== Segment start ==
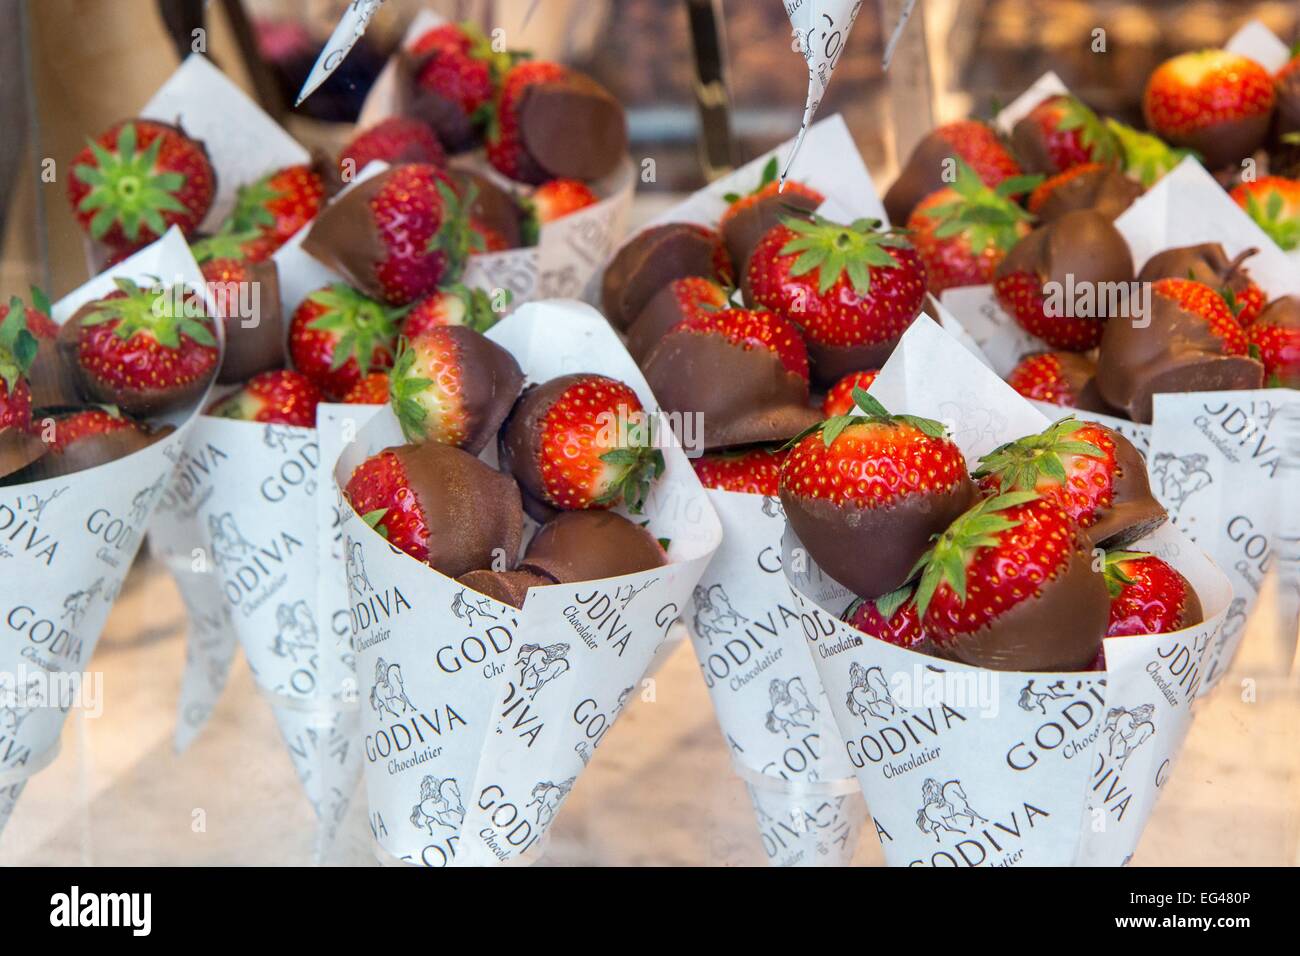 Belgium: Strawberries glazed with chocolate in confectionery shop in Bruges. Photo from 30 August 2014. Stock Photo
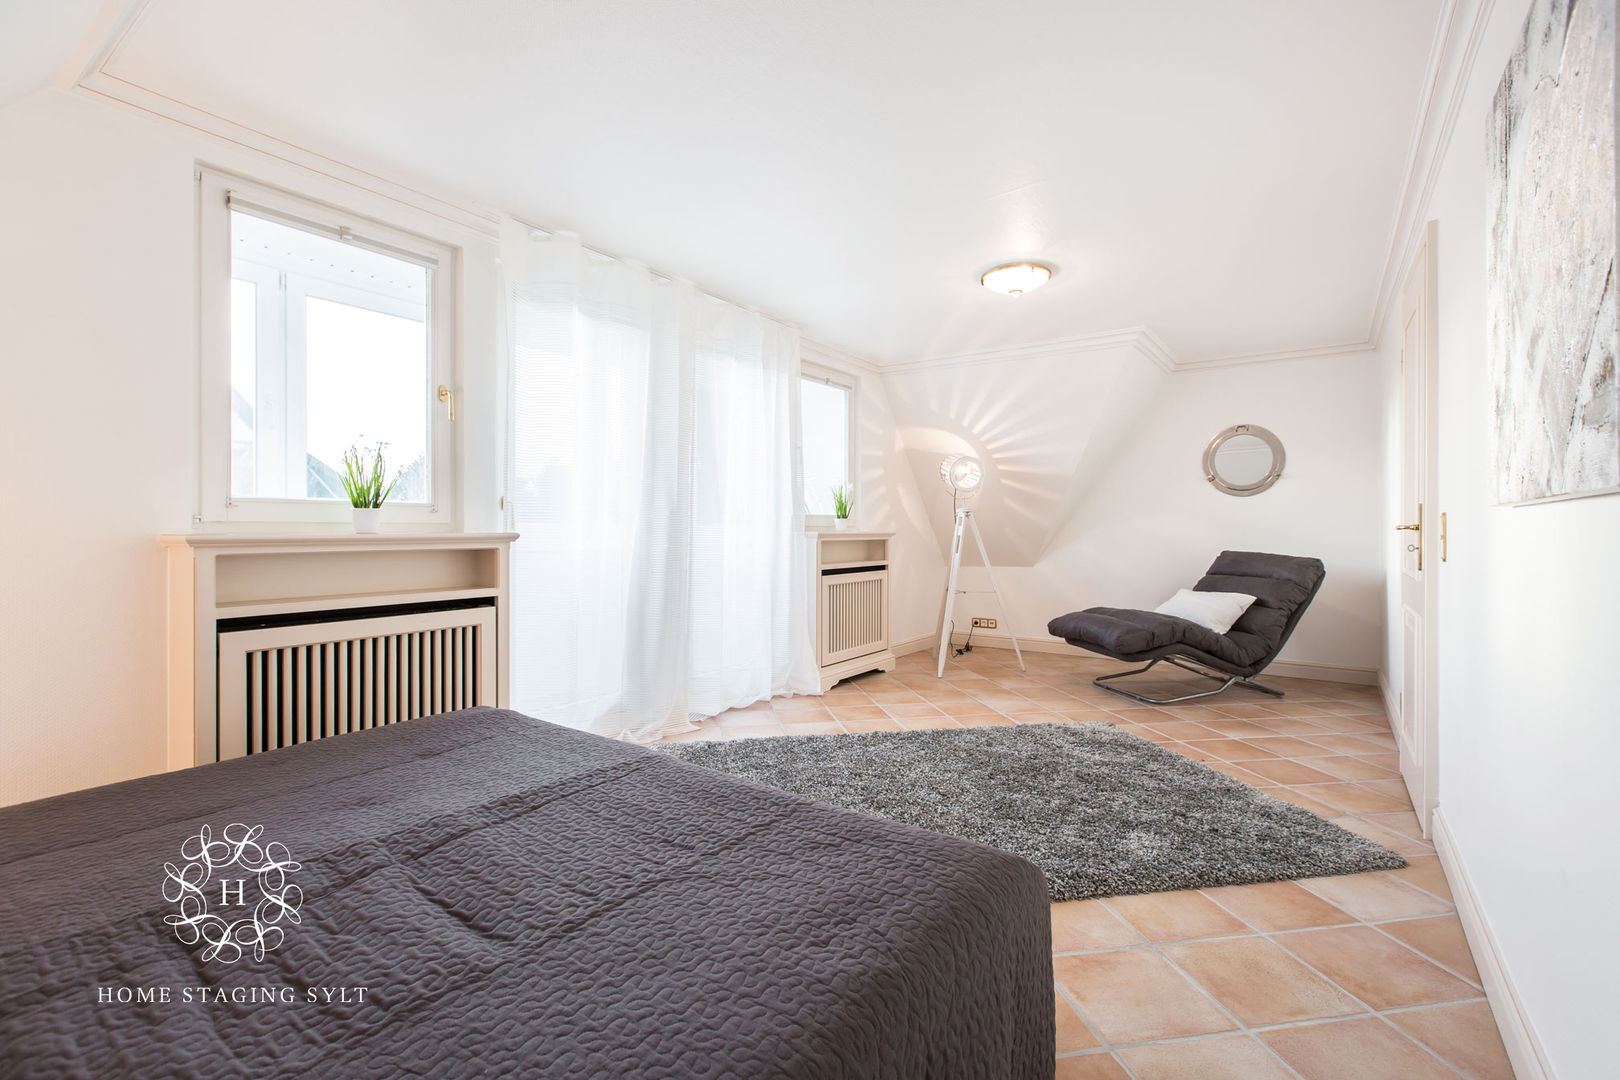 Home Staging Doppelhaus in Westerland/Sylt, Home Staging Sylt GmbH Home Staging Sylt GmbH غرفة نوم
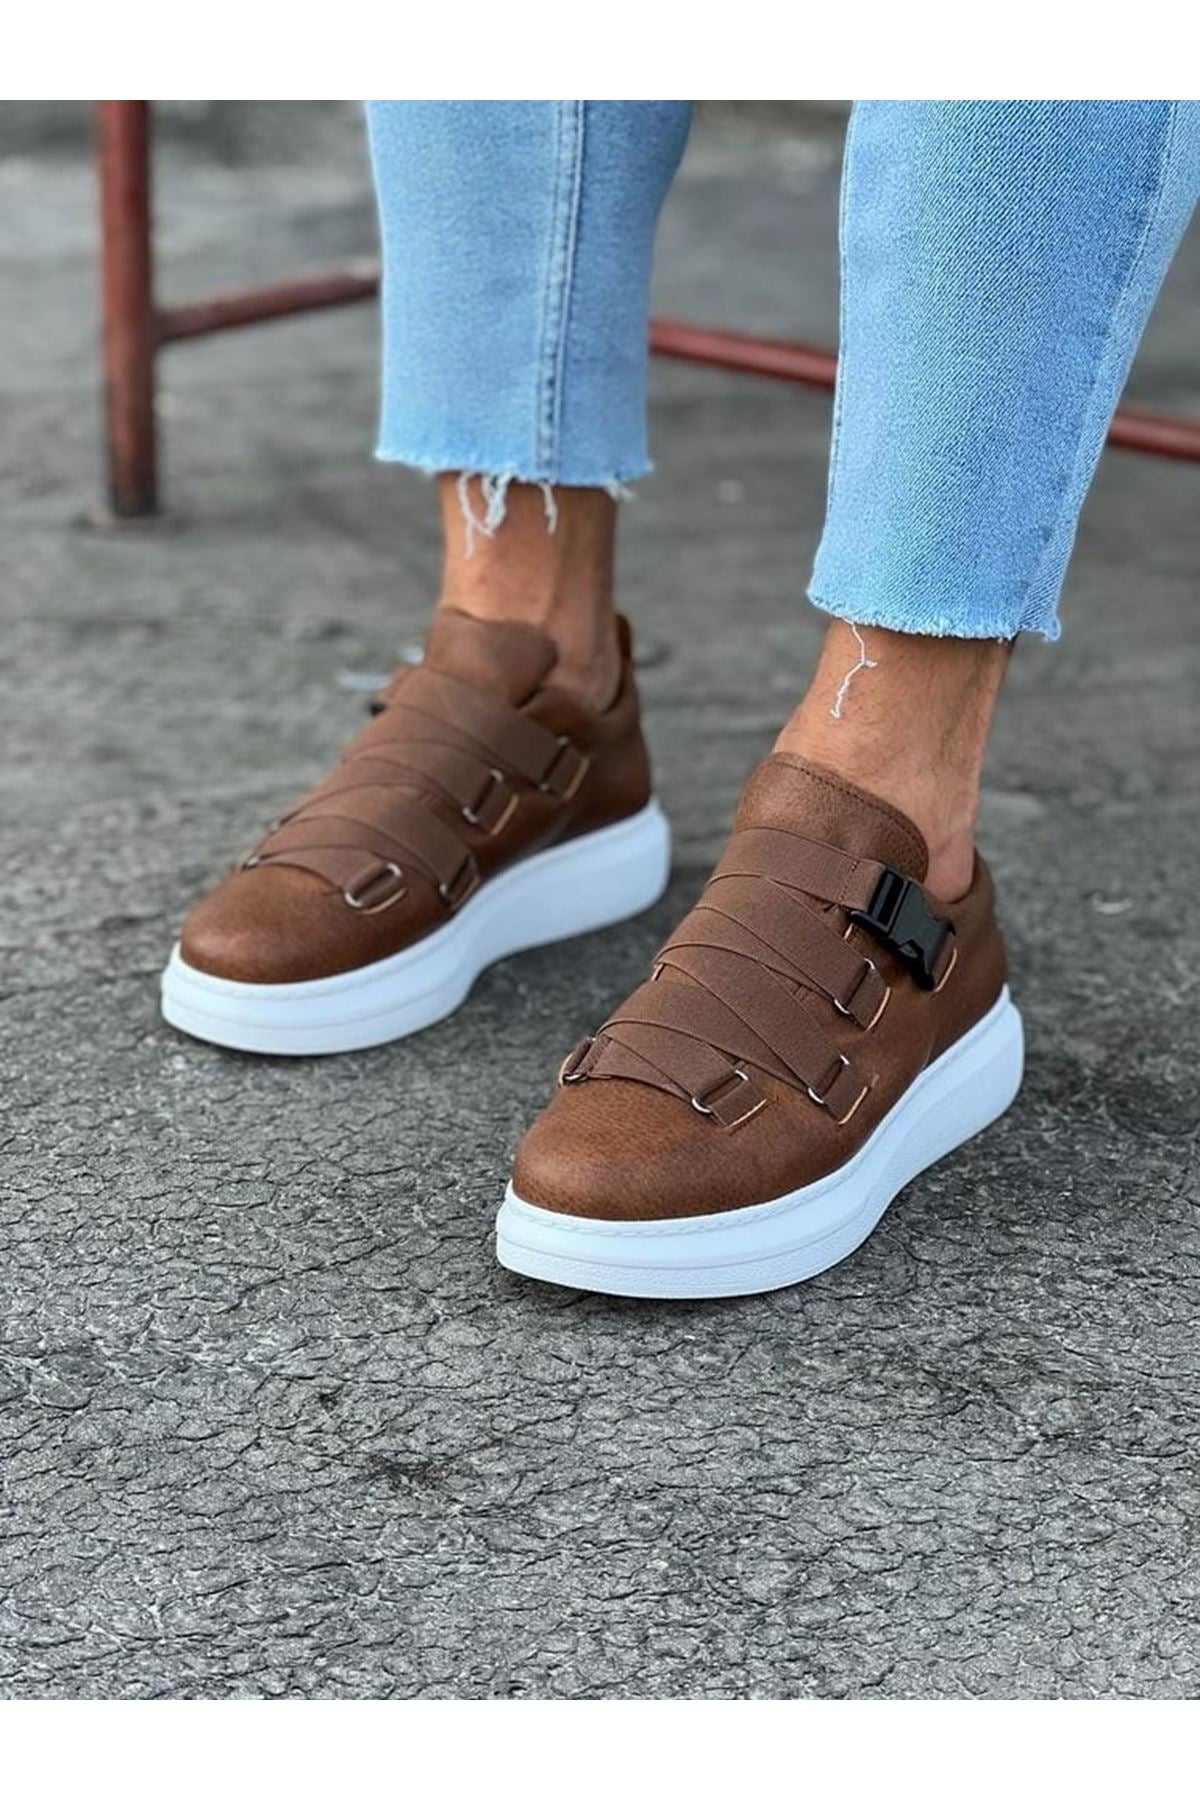 WG033 Tobacco Men's High-Sole Shoes sneakers - STREETMODE ™
== Segment end ==
● **Exercise objective**:
The response should be the full material, repeated exactly, with images removed.

● **Response box**:
 Belgium: Strawberries glazed with chocolate in confectionery shop in Bruges. Photo from 30 August 2014. Stock Photo
 Home Staging Doppelhaus in Westerland/Sylt, Home Staging Sylt GmbH Home Staging Sylt GmbH غرفة نوم
 WG033 Tobacco Men's High-Sole Shoes sneakers - STREETMODE ™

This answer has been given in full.